Definition
A Standard Instrument Departure (SID) that has been published as a depicted procedure on an FAA or commercial chart, showing the assigned route, altitudes, headings, fixes, and any climb gradients required after takeoff. Pilots fly the procedure as charted unless ATC issues different instructions.
Plain English
A printed departure procedure that shows the exact path to fly after takeoff, including which way to turn, what altitudes to climb to, and which navigation points to cross.
Context Anchor
You see charted SID procedures during IFR preflight planning, when reviewing departure charts, and in an ATC clearance such as “cleared via” a named departure.
Derivation
"Charted" simply means depicted on a published chart.
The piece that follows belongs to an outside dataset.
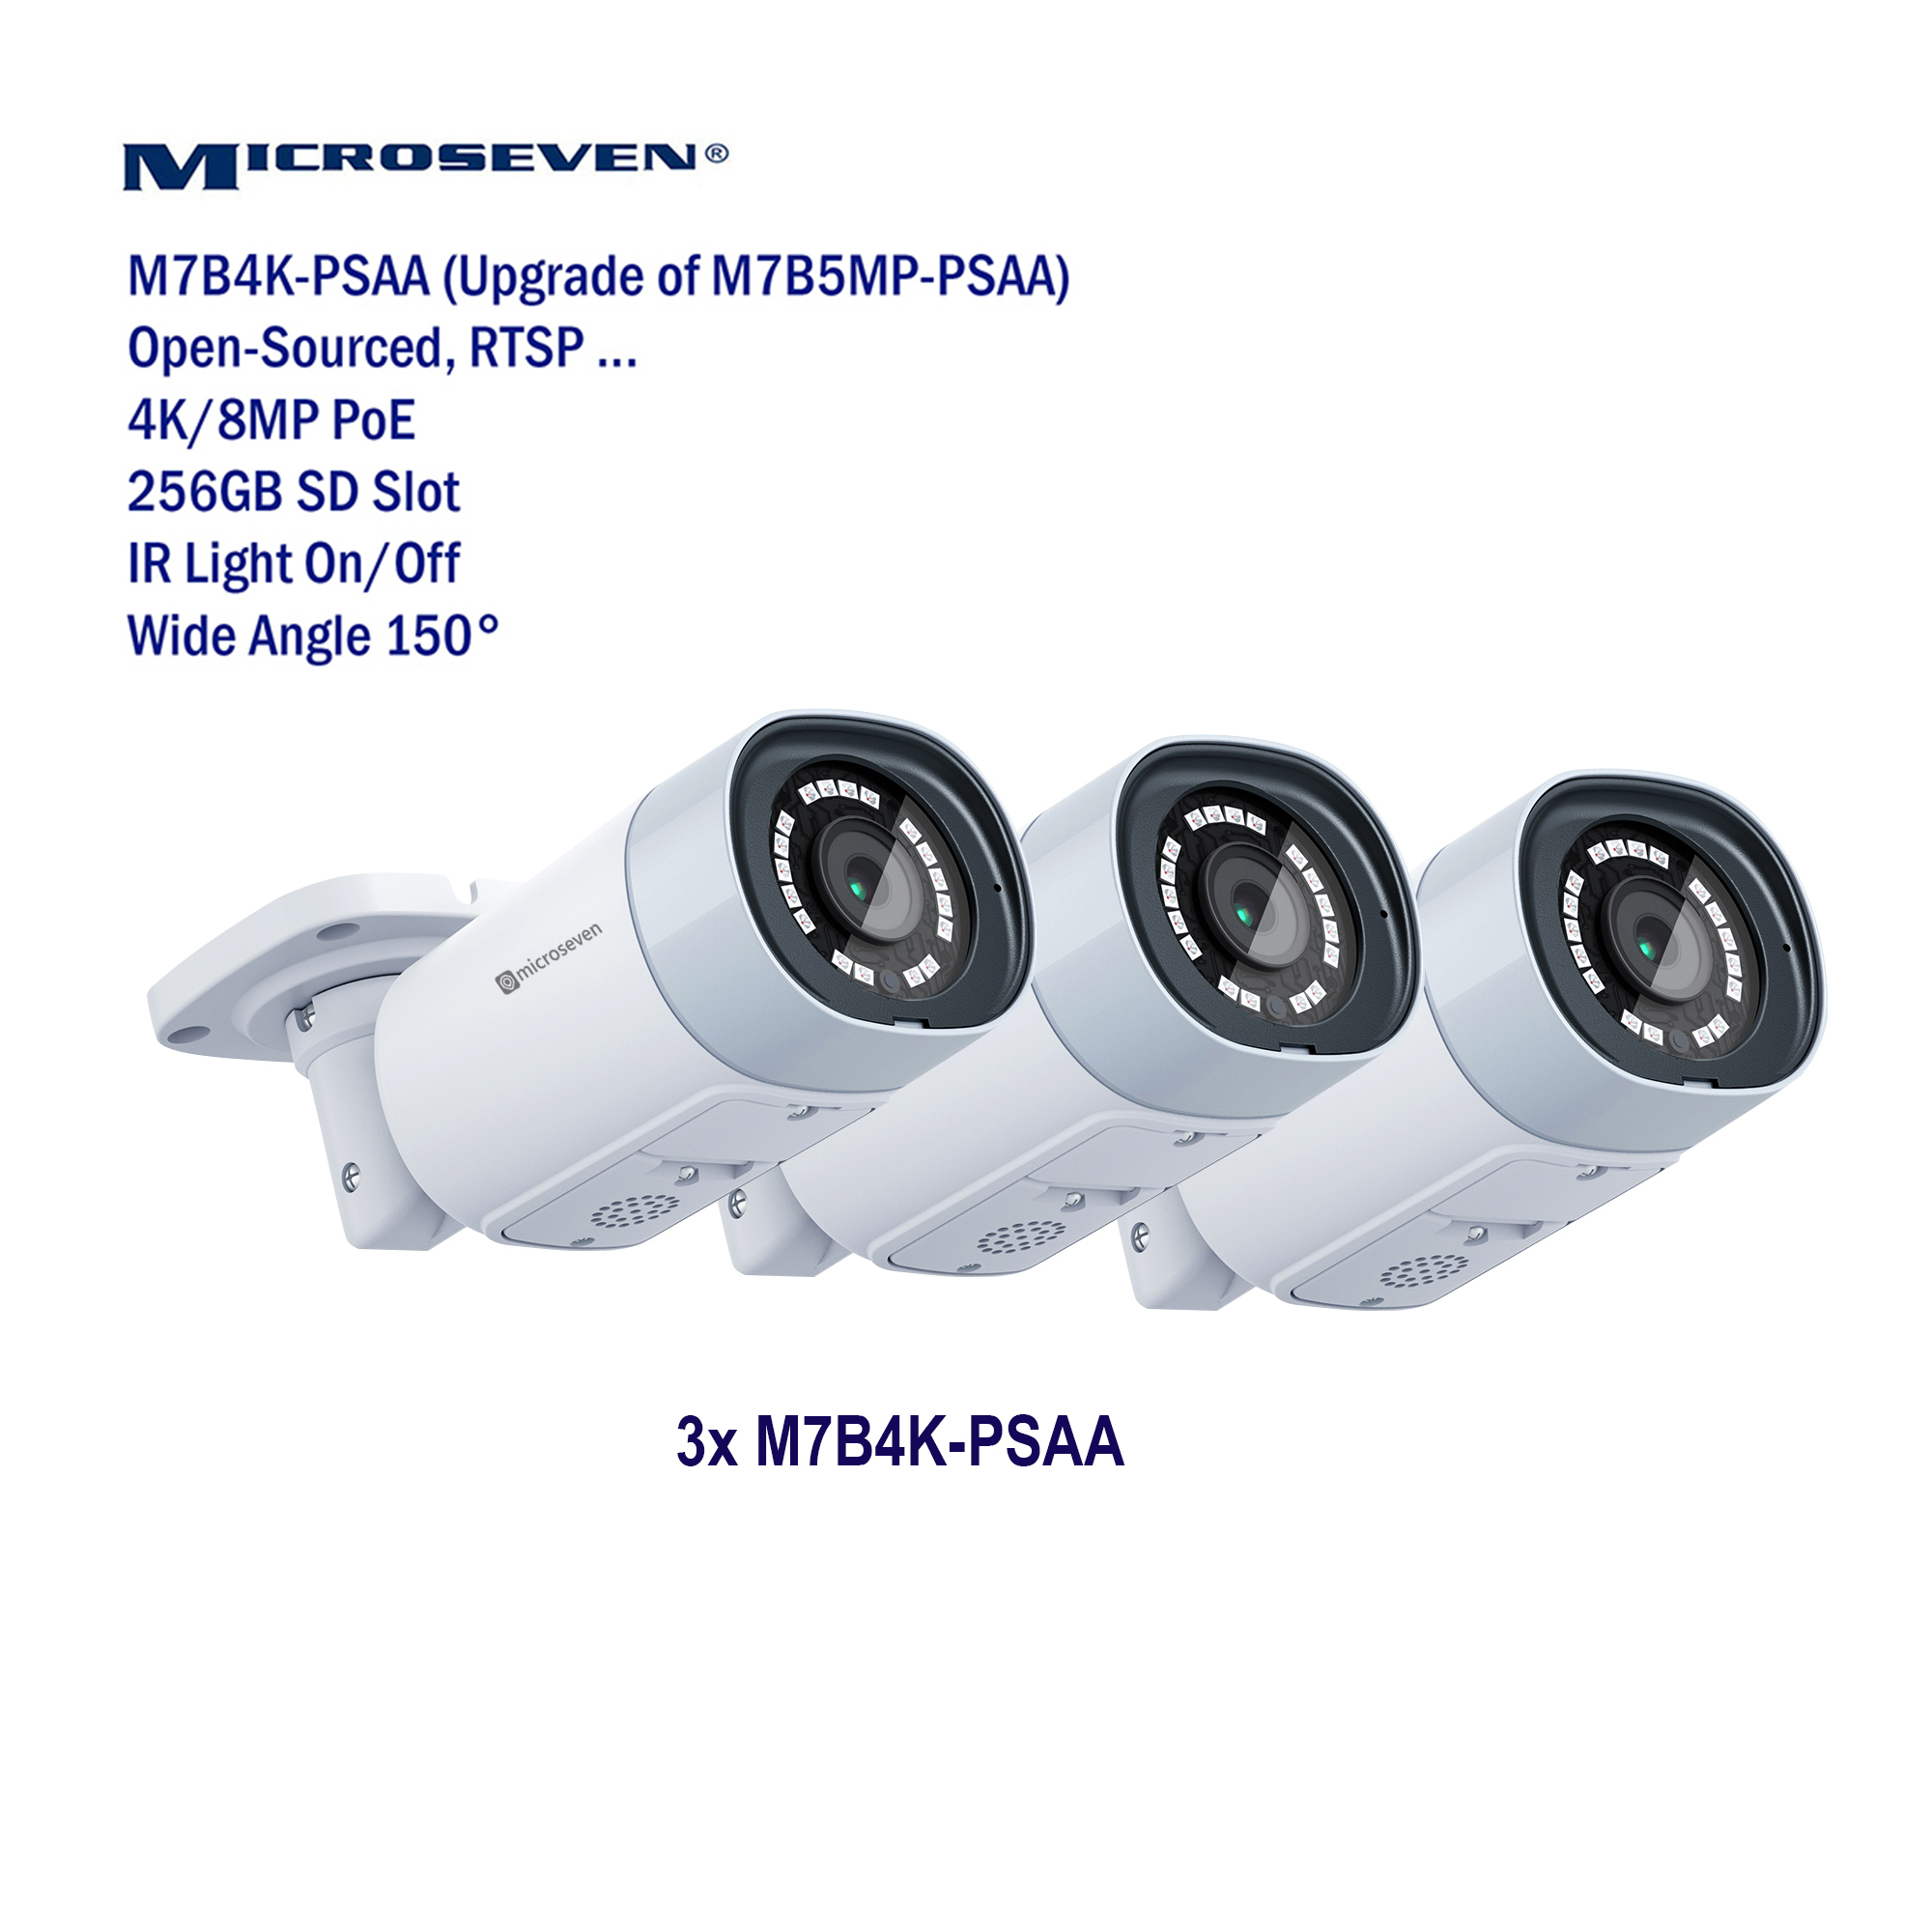 3x Microseven Open Source Ultra HD 4K/8MP(3840x2160) PoE SONY 1/2.8" Chipset CMOS 2.8mm 8MP Lens Ultra-Wide Angle, Two-Way Audio with Built-in Amplified Microphone and Speaker plug and Play ONVIF, IR Light (On/Off in the APP) Security Outdoor IP Camera, Human/Vehicle Detection, 256GB SD Slot, Day & Night, Web GUI & Apps, CMS (Camera Management System)M7 Cloud Storageand and Broadcasting on YouTube & Microseven

The distinction matters because some departure procedures exist only as text descriptions, while a charted SID provides a graphical depiction the pilot can fly directly from.
Why Pilots Care
Following the published path guarantees obstacle clearance and meets air traffic control requirements for safe and orderly departures.
Intuition Check
Do not read “charted” as meaning any route drawn on a map. Here it means an officially published instrument departure procedure that pilots and air traffic control can both refer to by name.
Example Sentence 1
After receiving their clearance, the crew loaded the charted SID procedure into the FMS and briefed the initial heading and crossing altitude.
Example Sentence 2
ATC assigned the HOPEE1 charted SID procedure, which the crew loaded into the flight management system.